Our evaluation setup is a 6-core Intel Core i5-8400 CPU with 8GB RAM and a 1 TB HDD, running Ubuntu 18.04.1. We recommend using a more powerful setup, especially for heavy datasets like ADVIO or OpenLORIS.

Pre-requisites

ROS Melodic (OpenCV 3.2.0, Eigen 3.3.4-4)
Ceres Solver 1.14.0
EVO

The versions indicated are the versions used in our evaluation setup, and we do not guarantee our code to run on newer versions like ROS Noetic (OpenCV 4.2).

Build

Run the following commands in your terminal to clone our project and build,

    cd ~/catkin_ws/src
    git clone https://github.com/karnikram/rp-vio.git
    cd ../
    catkin_make -j4
    source ~/catkin_ws/devel/setup.bash

Evaluation

We provide evaluation scripts to run RP-VIO on the RPVIO-Sim dataset, and select sequences from the OpenLORIS-Scene, ADVIO, and VIODE datasets.

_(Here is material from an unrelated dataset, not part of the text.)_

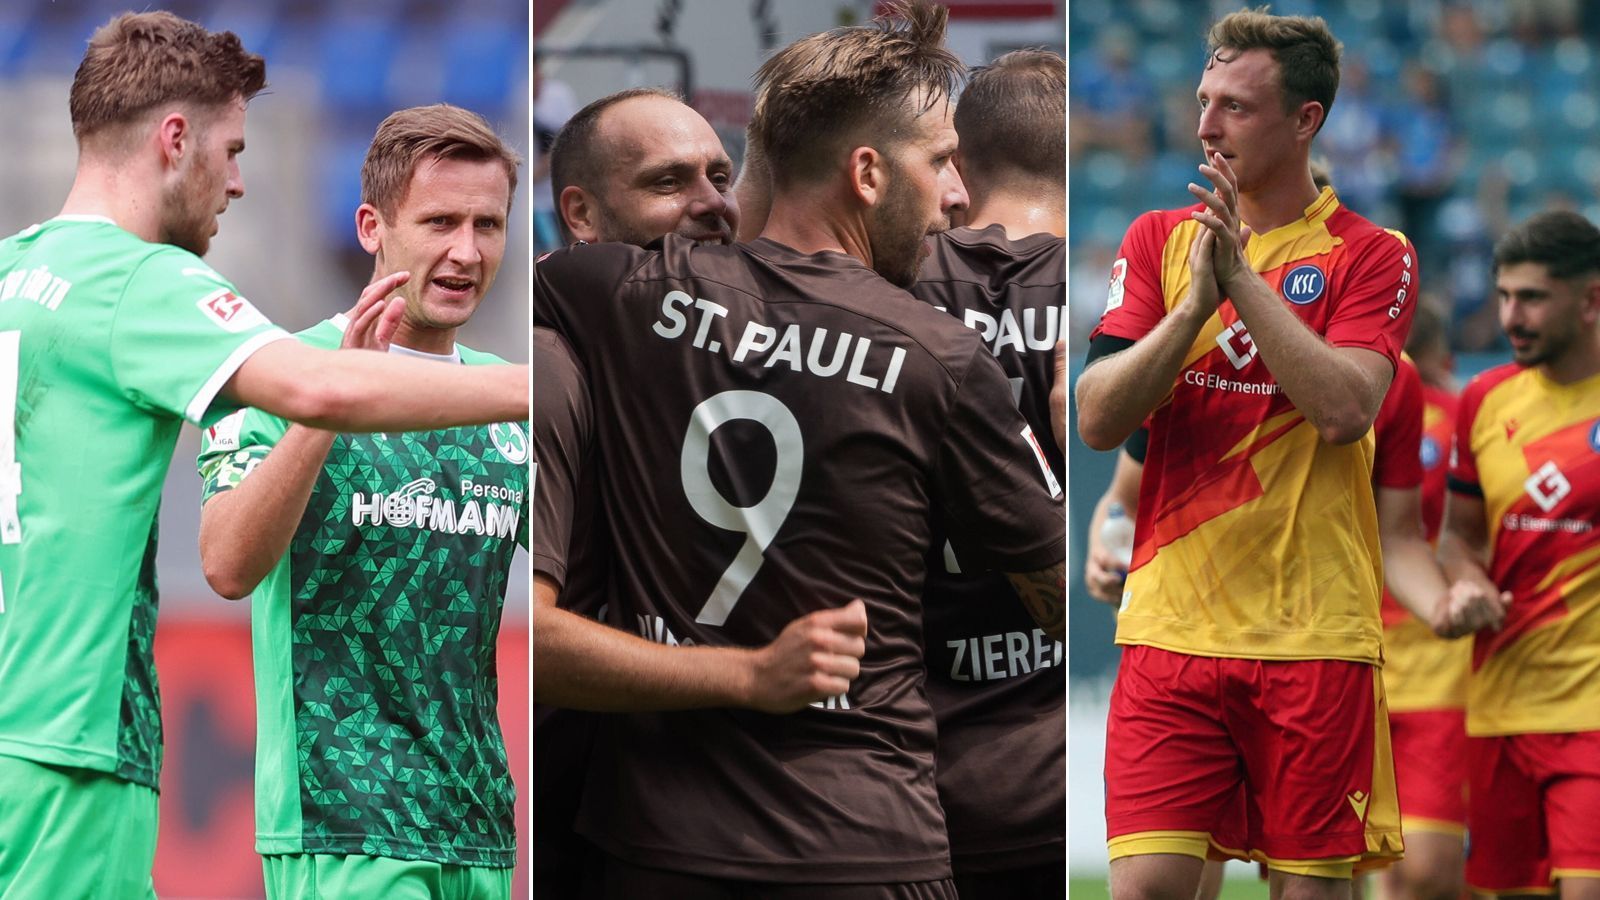 
                <strong>Top 10: Die Rekordteams der 2. Bundesliga mit den meisten Spielen</strong><br>
                Der FC St. Pauli (Mi.) geht in der Spielzeit 2021/22 in seine 25. Saison in der eingleisigen 2. Bundesliga und schließt damit zum bisherigen Rekordhalter Greuther Fürth (li.) auf. ran zeigt die Teams mit den meisten Spielen in der eingleisigen 2. Bundesliga seit 1981. (Anmerkung: Die 2. Bundesliga wird seit 1981 eingleisig geführt; die 3-Punkte-Regel ist inkludiert / Quelle: transfermarkt.de / Stand: 26. Juli 2021)

The output errors from your evaluation might not be exactly the same as reported in our paper, but should be similar.

RPVIO-Sim Dataset

Download the dataset files to a parent folder, and then run the following commands to launch our evaluation script. The script runs rp-vio on each of the six sequences once and computes the ATE error statistics.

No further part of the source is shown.